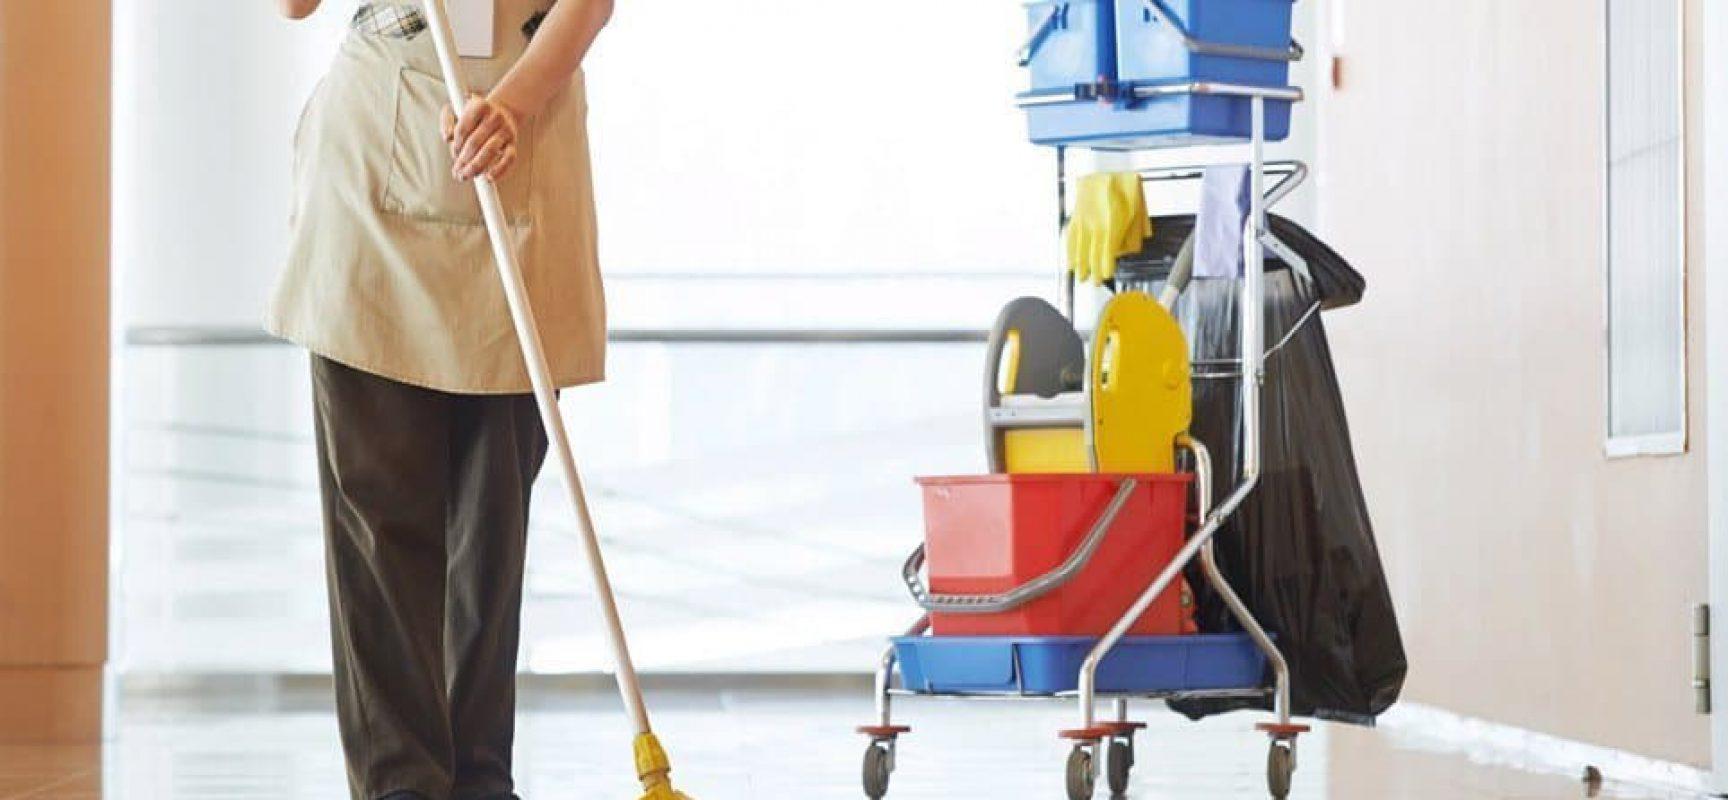 Αναρτήθηκαν οι προσωρινοί πίνακες για τις 15 θέσεις καθαριστών/στριών στα σχολεία του Δήμου Σοφάδων
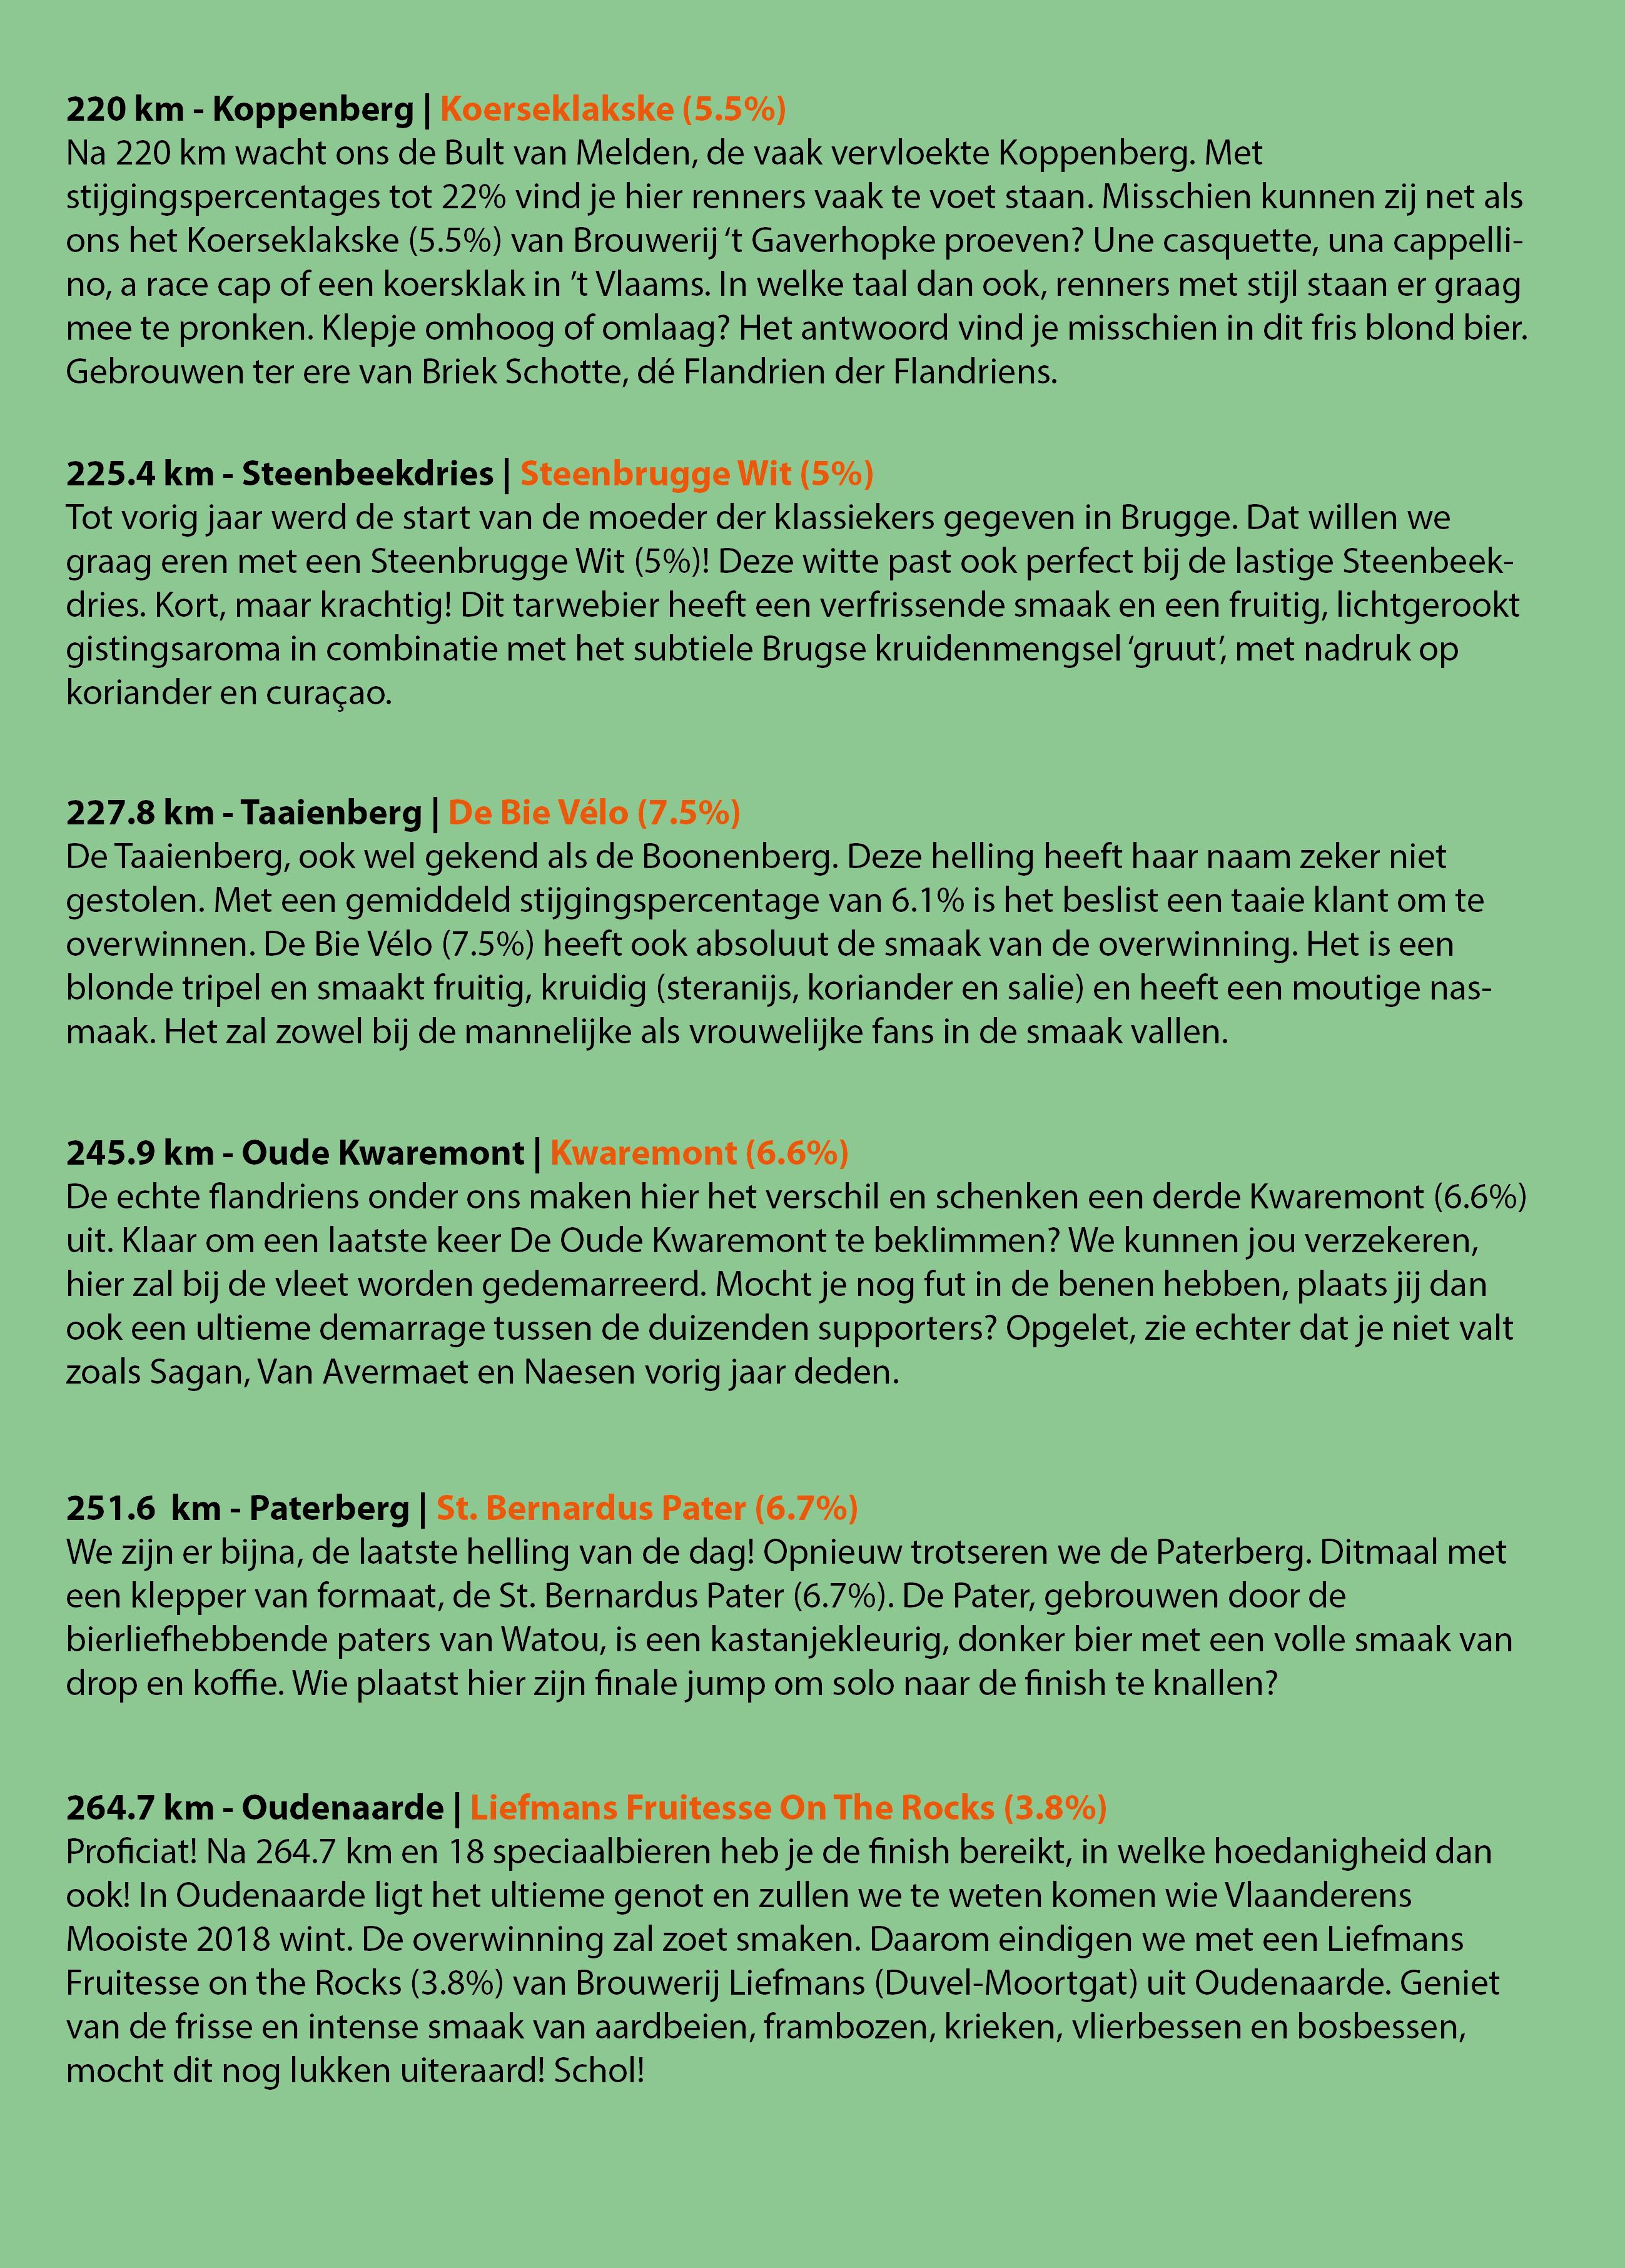 Ronde Van Vlaanderen 2018 Biergids - Bierparadijs - Blz3
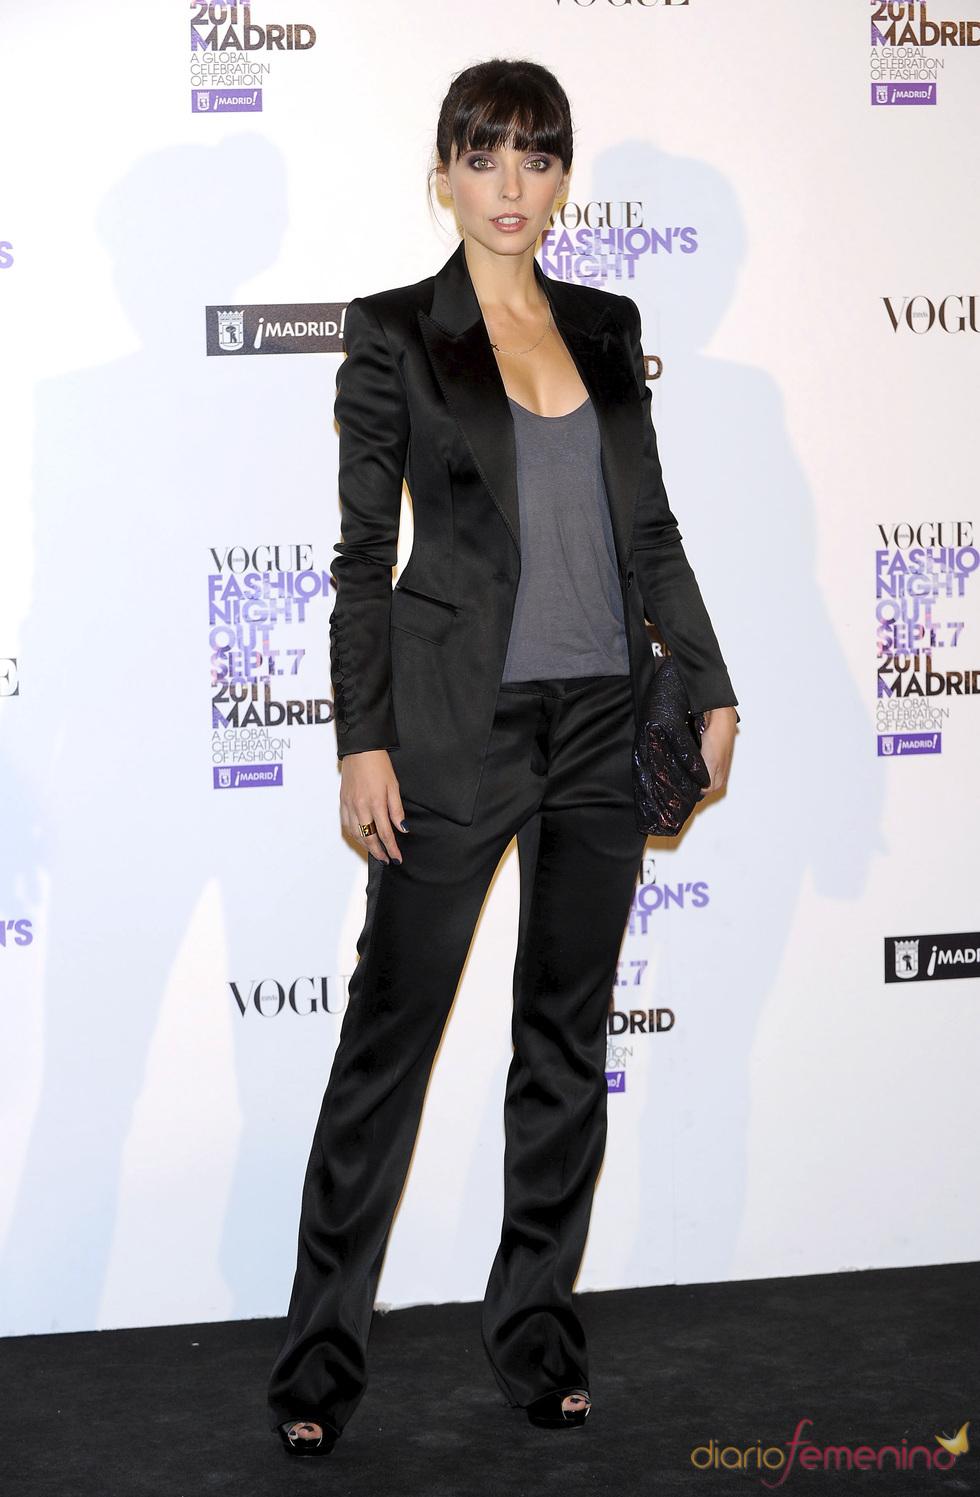 Leticia Dolera durante la Vogue Fashion Night Out Madrid 2011

▶ ABOUT THIS TASK: Could you retype the whole listing word for word, minus its pictures?

▶ SOLUTION FOR THIS TASK:
 Αναρτήθηκαν οι προσωρινοί πίνακες για τις 15 θέσεις καθαριστών/στριών στα σχολεία του Δήμου Σοφάδων
 Ronde Van Vlaanderen 2018 Biergids - Bierparadijs - Blz3
 Leticia Dolera durante la Vogue Fashion Night Out Madrid 2011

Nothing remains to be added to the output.